Hint: We need to find the probability of the graph of the function $16{{x}^{2}}+8\left( a+5 \right)x-7a-5$will be strictly above the x-axis. $16{{x}^{2}}+8\left( a+5 \right)x-7a-5$ is a quadratic function and for the graph of a quadratic function to be strictly above the x-axis, its discriminant should be less than 0. So, we will find out the value of the discriminant and keep it less than 0. Hence, we will find the values of ‘a’ for which the graph would be above x-axis. We also have been given a domain for ‘a’. Thus, we will know the length of both the intervals and hence we can find our required probability.
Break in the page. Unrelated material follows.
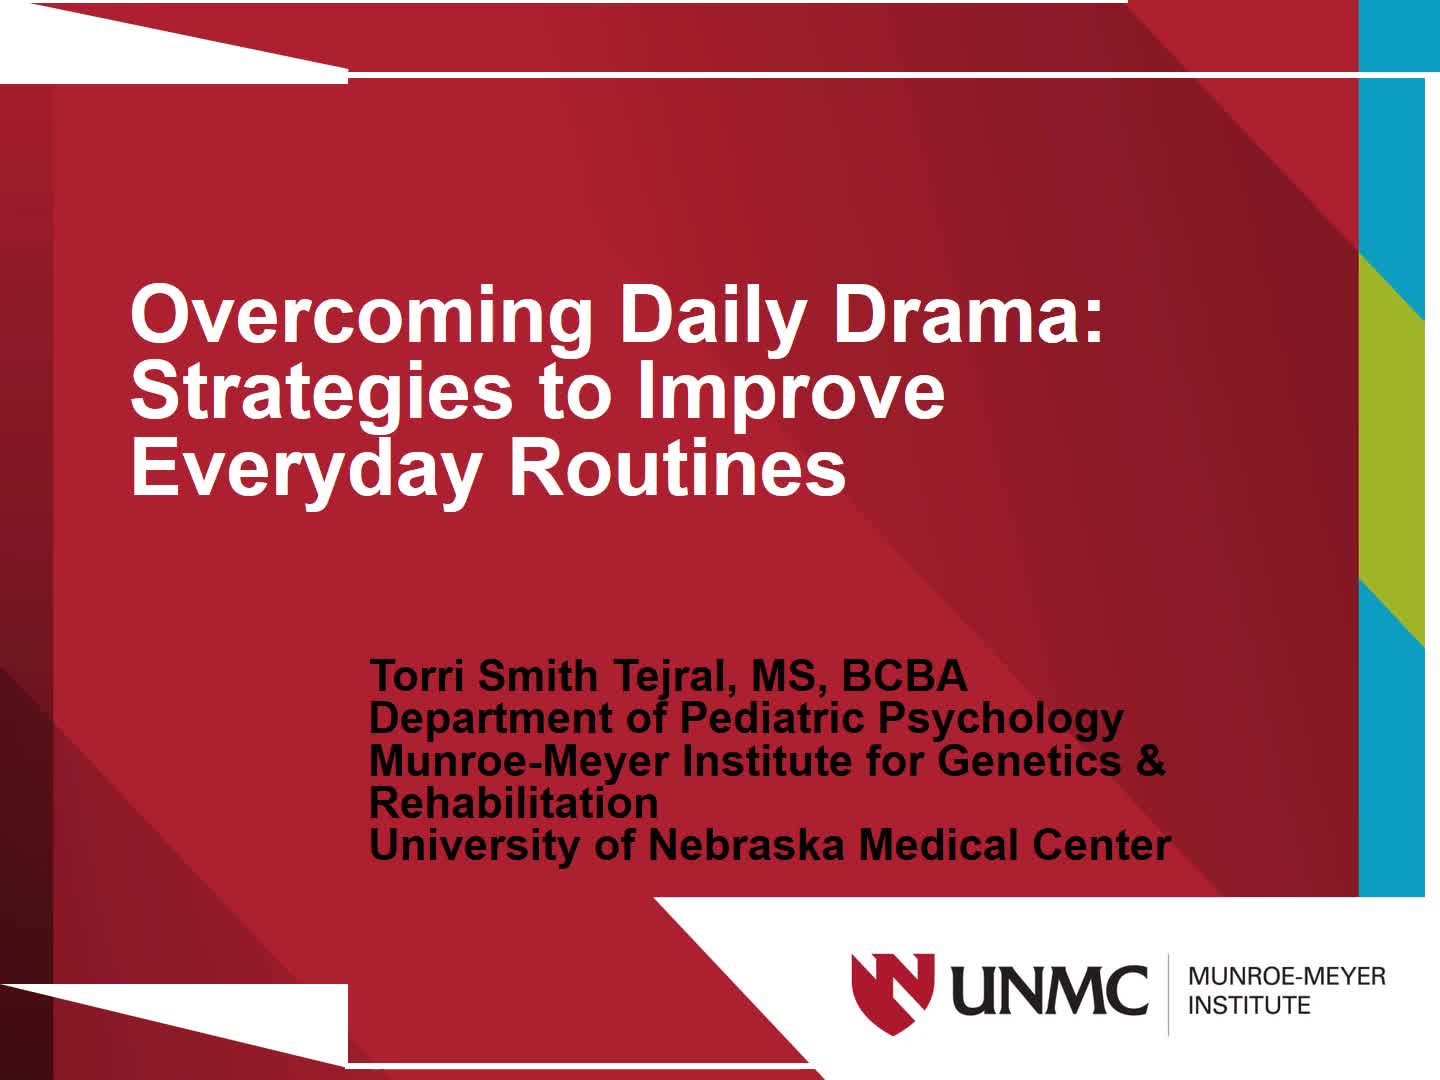 Overcoming Daily Drama: Strategies to Improve Everyday Routines

Complete step by step answer:
Let the given function be y.
Thus, y is given as:
$y=16{{x}^{2}}+8\left( a+5 \right)x-7a-5$
For the graph of y to be above the x-axis, discriminant of y should be less than 0.
 Discriminant of $y=a{{x}^{2}}+bx+c$ is given as $D={{b}^{2}}-4ac$
Here, $a=16,b=8\left( a+5 \right)$ and $c=-7a-5$
Thus, our discriminant will be given as:
$\begin{align}
  & D={{\left( 8\left( a+5 \right) \right)}^{2}}-4\left( 16 \right)\left( -7a-5 \right) \\
 & \Rightarrow D=64\left( {{a}^{2}}+10a+25 \right)+64\left( 7a+5 \right) \\
 & \Rightarrow D=64\left( {{a}^{2}}+10a+25+7a+5 \right) \\
 & \Rightarrow D=64\left( {{a}^{2}}+17a+30 \right) \\
 & \Rightarrow D=64\left( {{a}^{2}}+15a+2a+30 \right) \\
 & \Rightarrow D=64\left( a\left( a+15 \right)+2\left( a+15 \right) \right) \\
 & \Rightarrow D=64\left( a+2 \right)\left( a+15 \right) \\
\end{align}$
Now, for the graph of y to be above the x-axis, $D\text{ } < \text{ }0$
Putting the value of D, we will get:
$\begin{align}
  & 64\left( a+2 \right)\left( a+15 \right)\text{ } < \text{ }0 \\
 & \Rightarrow \left( a+2 \right)\left( a+15 \right)\text{ } < \text{ }0 \\
 & \Rightarrow -15\text{ } < a\text{ } < \text{ }-2 \\
\end{align}$
Thus, the interval of the required values of ‘a’ will be given as:
$a\in \left( -15,-2 \right)$
In the question, we have been given that a lies in the interval $\left[ -20,0 \right]$
Thus, the interval for possible values of ‘a’ is given as:
$a\in \left[ -20,0 \right]$
Thus, the length of the required interval of ‘a’ $=-2-\left( -15 \right)=13$
The length of the interval of the possible values of ‘a’ $=0-\left( -20 \right)=20$
Now, probability of any event is given as:
$P=\dfrac{\text{Favourable outcomes}}{\text{Total outcomes}}$
Here,
Favourable outcomes=length of required interval of ‘a’=13
Total outcomes=length of interval of possible values of ‘a’=20
Therefore, required probability is given as:
$P=\dfrac{13}{20}$

So, the correct answer is “Option A”.

Note: Keep in mind that here, the coefficient of ${{x}^{2}}$ in here is ‘16’ which is a positive real number, hence our graph will be an upward parabola and for the graph to be strictly above the axis, the quadratic equation should not have any solutions. Thus, we have kept the discriminant less than 0.